Portfolio Modelling: Man vs Machine : An empirical study of machine learning efficiency and variable selection in portfolio modelling on the Oslo Stock Exchange
Master thesis
Permanent lenke
https://hdl.handle.net/11250/3012638Utgivelsesdato
2022Metadata
Vis full innførselSamlinger
- Master Thesis [4379]
Sammendrag
We investigated and compared the performance of machine learning methods in the context
of empirical asset pricing. We used seven different algorithms and 83 firm characteristics,
comparing the models’ monthly predictive accuracy and variable importance on Norwegian
stock and accounting data. Additionally, we investigated the models’ ability to generate
excess returns in monthly-rebalanced, long-short and long-only portfolios.
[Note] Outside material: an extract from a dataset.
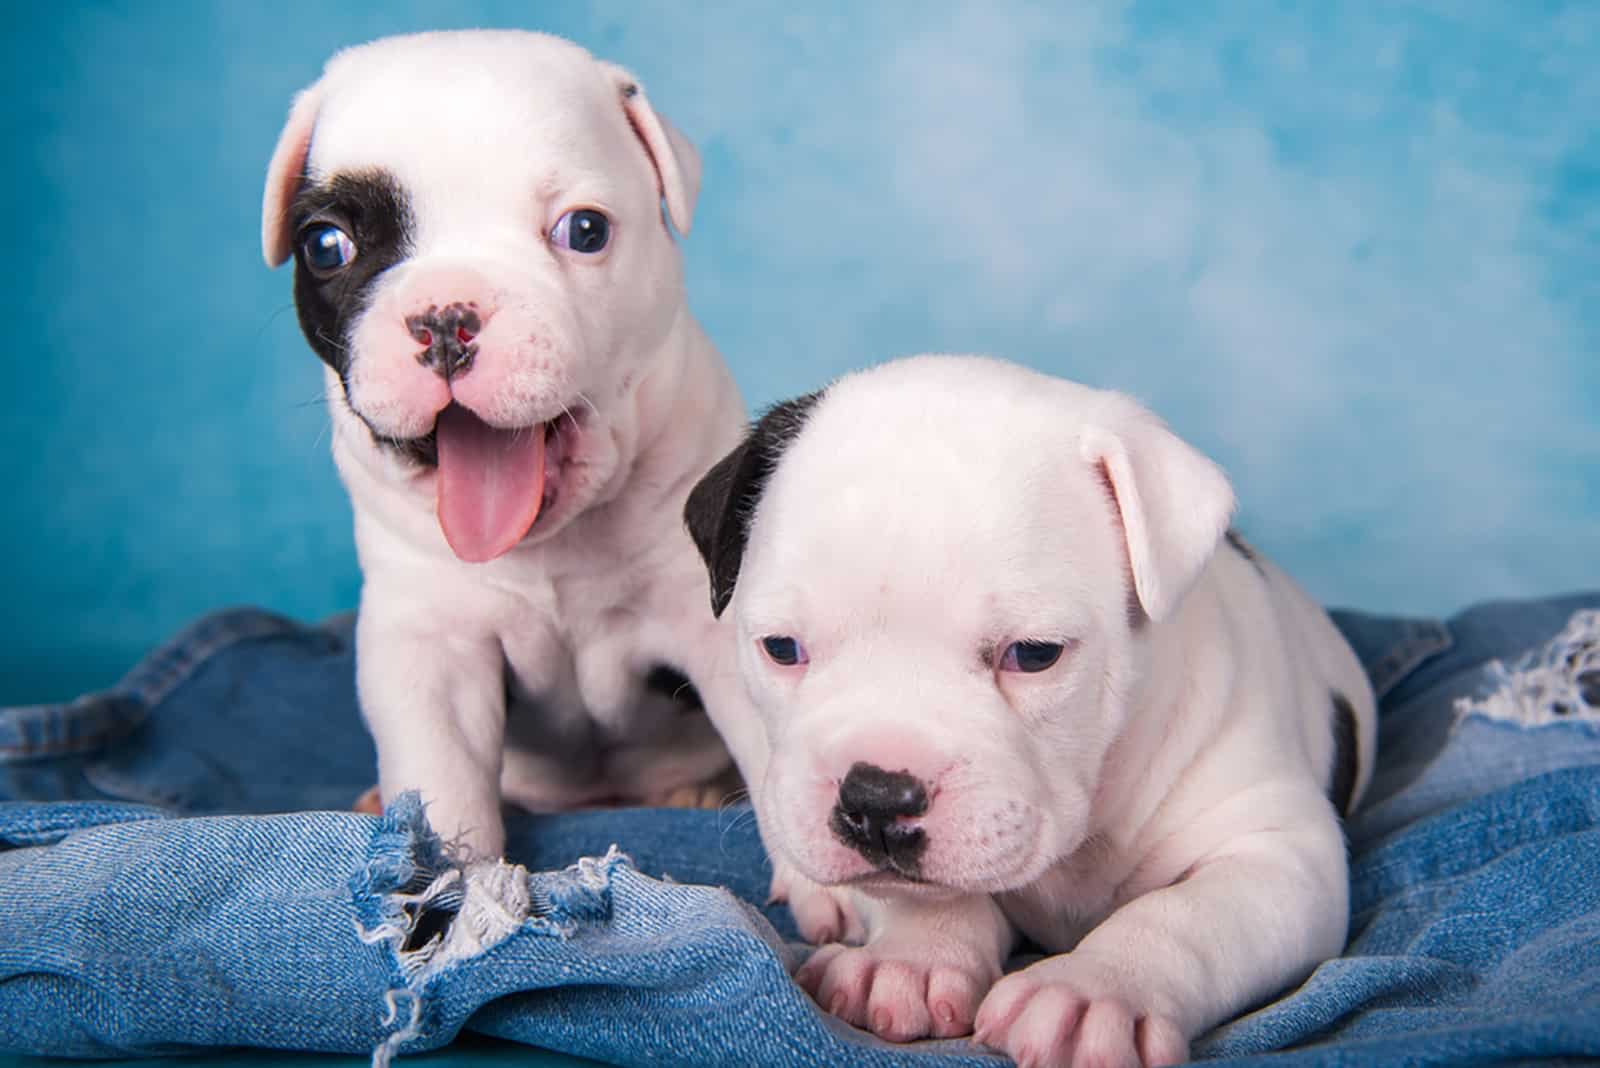 two american pitbull puppies sitting together on a blue jeans
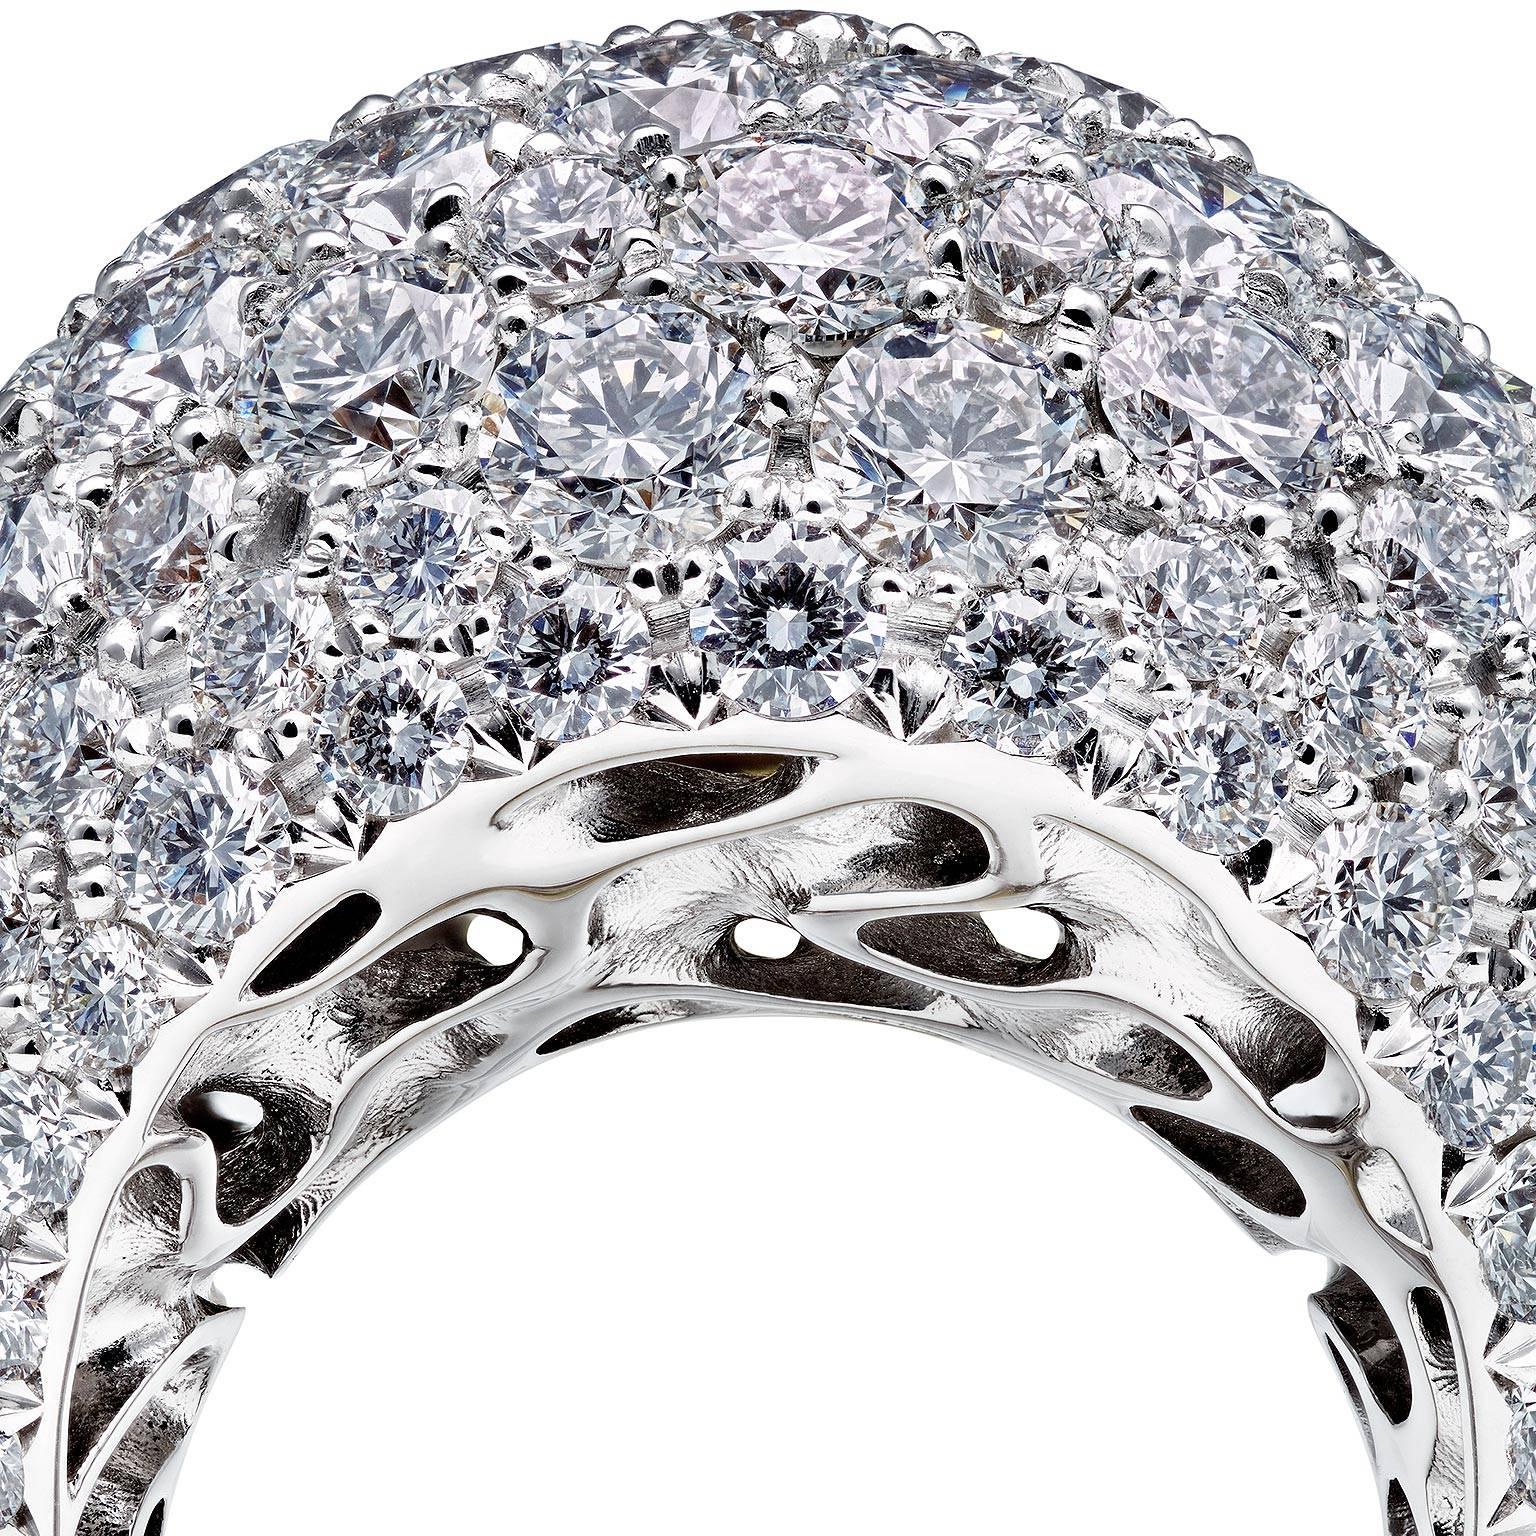 This voluminous dome right hand, or cocktail, 18 Karat white gold and diamond ring designed by Towe Norlen in 2015, has 176 hand set Top Wesselton (TW vvs) high quality diamonds. In total 15.6 Carats. Its highest point from the dome to the finger,

We found that the XGBoost algorithm has the highest prediction accuracy of 53.16%,
and that it more heavily weights momentum variables. Furthermore, we found excess
risk-adjusted returns when constructing portfolios free of market frictions. A long-only
portfolio with predictions from the XGBoost model outperformed the index, on average,
by around 0.5% each month in the out-of-sample period. When accounting for market
frictions an institutional investor might encounter, the returns are diminished to the point
of significantly underperforming. When presenting a strategy that a retail investor could
implement, we found excess returns. The XGBoost model’s net returns outperformed the
index by 0.16% and 0.67% over the period, after excluding the largest 25% and 50% firms,
respectively. Upon investigating the explanation for this possible market inefficiency, we
found that the returns are largely driven by highly illiquid stocks. We suggest that these
returns likely are unattainable because of the high degree of illiquidity, and therefore
could be impossible to arbitrage away in the way we would expect the market to do when
it discovers an inefficiency. We call this phenomenon "rainbow-returns", as they are likely
only observable and unattainable.
Our findings support the efficient market hypothesis, in that one cannot beat the market
using public available information, and adds to existing literature in the emerging field of
empirical asset pricing through machine learning.